Cela est clair. Au lendemain de la tragédie chez le constructeur de bus Van Hool, où un millier d’emplois sont menacés, l’indignation grandit face au fait que De Lijn a acheté des bus électriques à BYD – à Build Your Dreams – et non à Van Hool. Mais cela n’aurait pas été une bonne idée, estime De Grauwe. Dans sa chronique de De Morgen cette semaine, il écrivait : « L’entreprise a attendu trop longtemps avant de franchir le pas de l’électrification. Maintenant c’est trop tard. Van Hool n’a pas d’avenir dans la production de bus électriques. Le déficit ne peut pas être comblé. Pas même avec les subventions flamandes. Ils ne feraient que prolonger l’agonie de cette compagnie autrefois merveilleuse.

Ce n’est donc pas la faute de la Chine si elle subventionne trop lourdement sa propre industrie. « La Chine est le bouc émissaire », déclare De Grauwe. « Mais il ne faut pas blâmer quelqu’un d’autre. Van Hool était autrefois un joyau de la couronne, mais l’entreprise a commis des erreurs. C’est la loi de l’avantage inhibiteur, comme je l’ai également écrit dans ma chronique : si vous réussissez, vous devenez arrogant et aveugle. Vous ne voyez pas les nouveautés. Cela donne aux souris grises, encore négligées il y a vingt ans, l’occasion de marquer.»

BYD ne se livre-t-il pas à une concurrence déloyale, avec beaucoup de subventions publiques ?

“Non. En Belgique, le monde des affaires est également généreusement subventionné, à hauteur de plus de 20 milliards d’euros, soit quatre fois plus que les dépenses de chômage. J’ai entendu à maintes reprises cette histoire de concurrence déloyale. On parlait autrefois du Japon, puis de la Corée, maintenant de la Chine. Mais ils font exactement ce que nous faisons, notamment en accordant des subventions aux personnes qui achètent une voiture électrique. La Chine a aussi l’avantage de son grand marché intérieur : BYD a pu produire rapidement à grande échelle et donc moins cher. L’histoire que raconte le gouvernement est absurde.

Ne devrions-nous pas faire davantage pour maintenir ici la soi-disant industrie manufacturière ?

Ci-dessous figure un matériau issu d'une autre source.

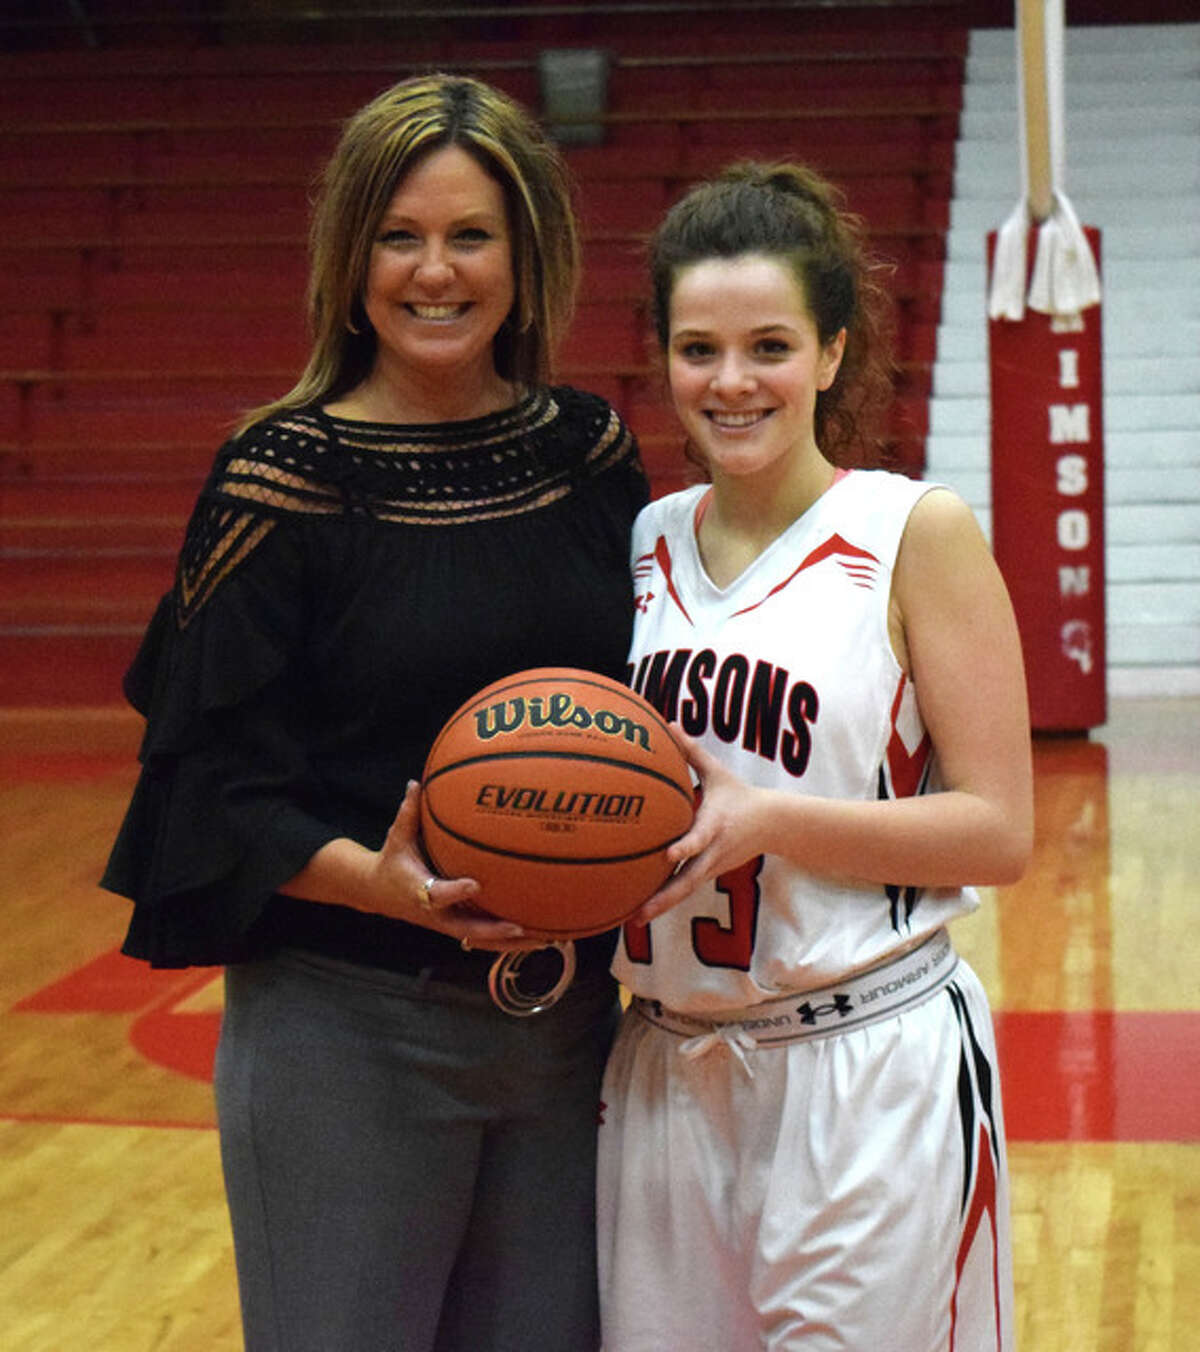 Jacksonville High’s Olivia Kaufmann poses with Jacksonville head coach Jeannette Barlow after Kaufmann scored the 2,000th point of her career in the Crimsons’ loss to Chatham Glenwood at the JHS Bowl Wednesday night.

« Mais nous pourrons conserver l’industrie manufacturière ici. Il y a un terrible malentendu à ce sujet. La production industrielle en Belgique a augmenté régulièrement au cours des dernières décennies – de 45 pour cent au cours des trente dernières années. Toutefois, la part de cette production dans le produit intérieur brut est en baisse. En 1970, l’industrie représentait 40 pour cent de notre PIB, aujourd’hui elle en représente 18 pour cent. Mais il faut être prudent avec ce chiffre, car il s’agit bien sûr d’une illusion d’optique.»

Que veux-tu dire?

« Les prix des produits industriels baissent, tandis que ceux du secteur des services augmentent. Le coiffeur coûte de plus en plus cher, mais depuis des siècles, ils font le même travail dans le même temps. La productivité industrielle a fortement augmenté, rendant les produits industriels moins chers. Cela explique pourquoi la part de l’industrie dans le PIB est en baisse. Nous avons vu la même chose avec l’agriculture : au XIXe siècle, elle représentait 50 pour cent du PIB, aujourd’hui elle en représente 1,5 pour cent. Pourtant, nous produisons désormais beaucoup plus de produits agricoles qu’auparavant.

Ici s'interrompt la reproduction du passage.